A 3-5-2 for the second week running because the league's midfielders came up big again...
GK Raul Fernandez (FC Dallas): Absent his work in goal, FCD wouldn't just have lost against Vancouver this week - Pedro Morales might have had a hat-trick of goals and assists. Two goals conceded and a road point isn't generally a sign of stellar goalkeeping, but the Whitecaps had nine shots on target from 30 chances created from almost 60% possession. FCD shouldn't have got anything out of this game. Fernandez won the point as much as the Whitecaps' slack defending cost them a win.

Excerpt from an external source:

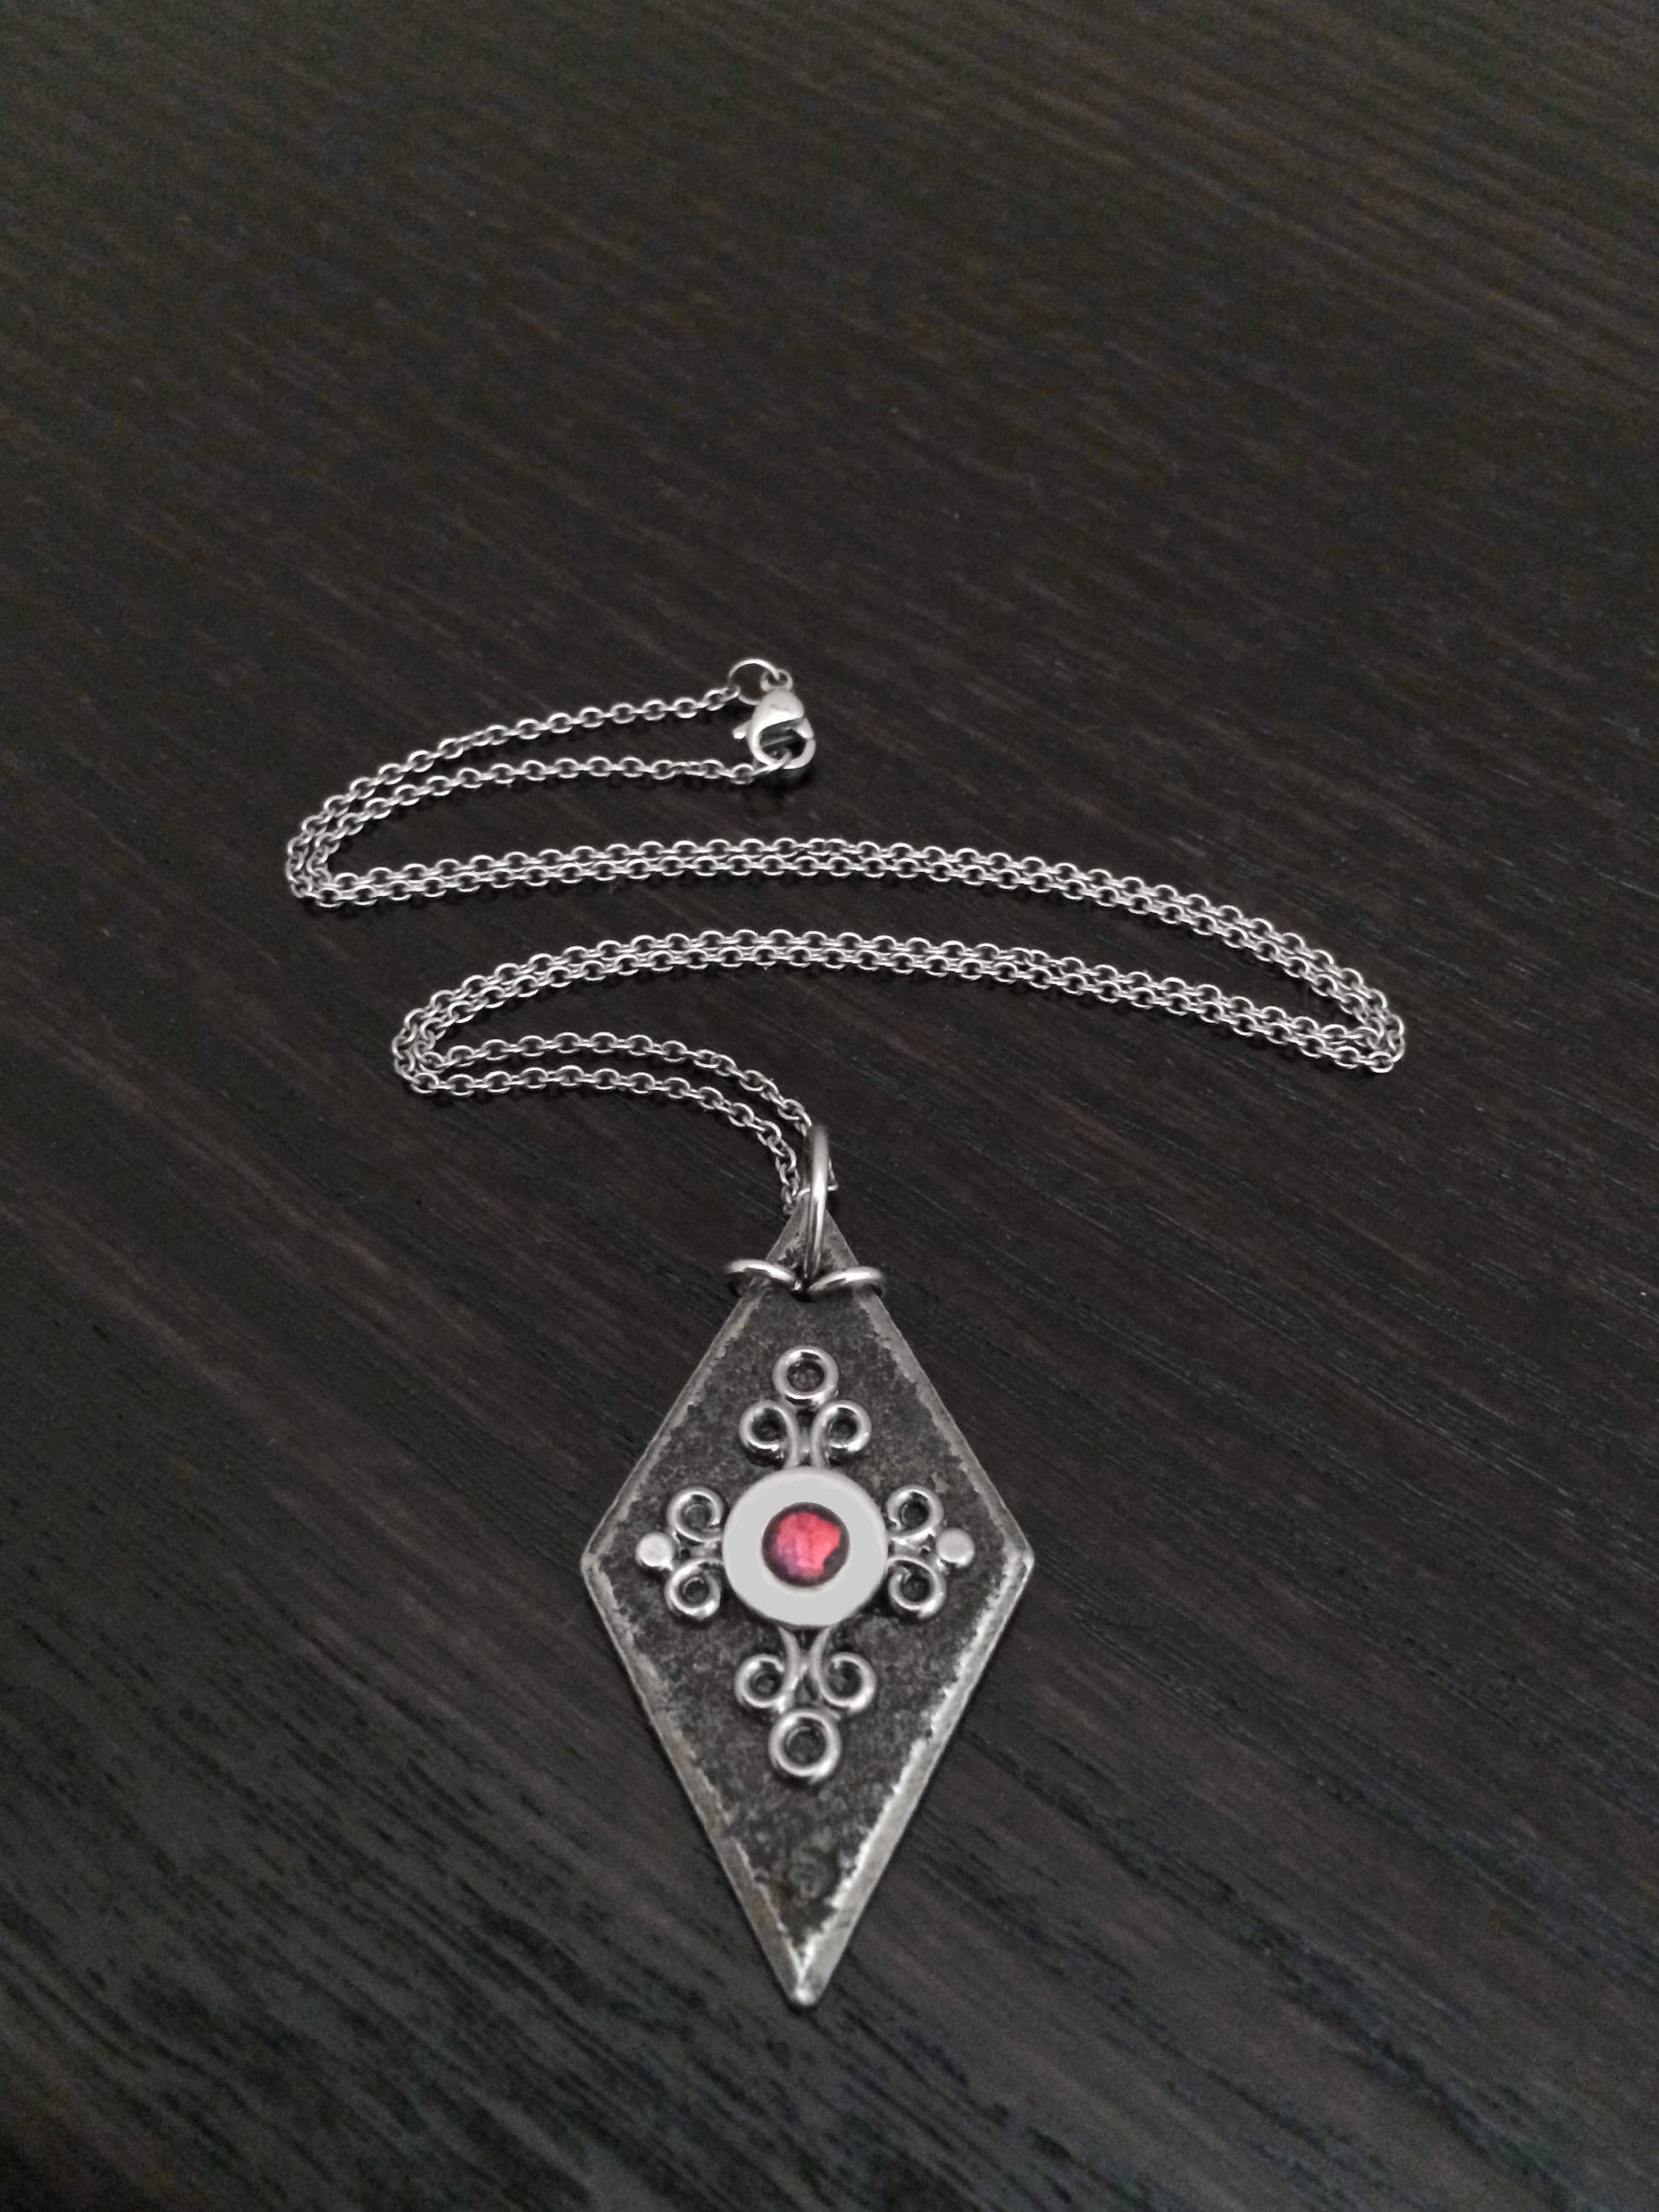 As seen on The Vampire Diaries Bonnie Necklace, Medieval Black Diamond Shaped Pendant, Crimson Red and Black Jewelry  Stainless Steel Chain

DEF Jack Jewsbury (Portland Timbers): The Timbers won a scrappy, rain-soaked game they dominated by a narrow margin: 3-2. Defense was a more important part of their three-point haul than the panting tributes to Darlington Nagbe and Diego Valeri might suggest. The difference between Montreal and Portland was one goal, and perhaps the best illustration of that difference came from two incidents involving each team's right back. Hassoun Camara was too clumsy in dealing with Valeri in the penalty area - and conceded the spot-kick that put Portland ahead for the first time. In the 55th minute, with the scores again level, Jewsbury got just enough of himself in front of Maxim Tissot to sell the argument he'd won the ball instead of simply stopping his man. The Timbers' defense gets a lot of deserved criticism, but Jewsbury did his job better than Camara (who was also somewhat at fault for the third goal conceded by L'Impact) and that is why his team got three goals and Montreal only got two.
DEF Aurelien Collin (Sporting Kansas City): In the 23rd minute of KC's trip to Toronto, Collin tripped Gilberto, preventing the TFC striker from testing himself one-on-one with the 'keeper. There aren't many center backs in the league who can go on the road, hack down an opponent, and get away with it. Collin got the benefit of what really shouldn't have been any doubt, and stayed on the pitch. Surprisingly, it was his partner in defense, Matt Besler, who ultimately tested the referee's patience once too often. Collin stuck around to help KC win in Toronto, chipping in with 11 of his team's 26 clearances.
DEF Drew Moor (Colorado Rapids): Part of the defense that restricted Chivas USA to just one shot on target (and, more importantly, kept Erick Torres from registering any shots on frame) and still found time to saunter up the field and score one of his own.
RM Ethan Finlay (Columbus Crew): His run drew the foul which Federico Higuain turned into one of the prettiest set piece goals we'll see this season; and his run let Justin Meram launch one over the top for the Crew winger to chase, control, and fire into goal for Columbus's winner in New England.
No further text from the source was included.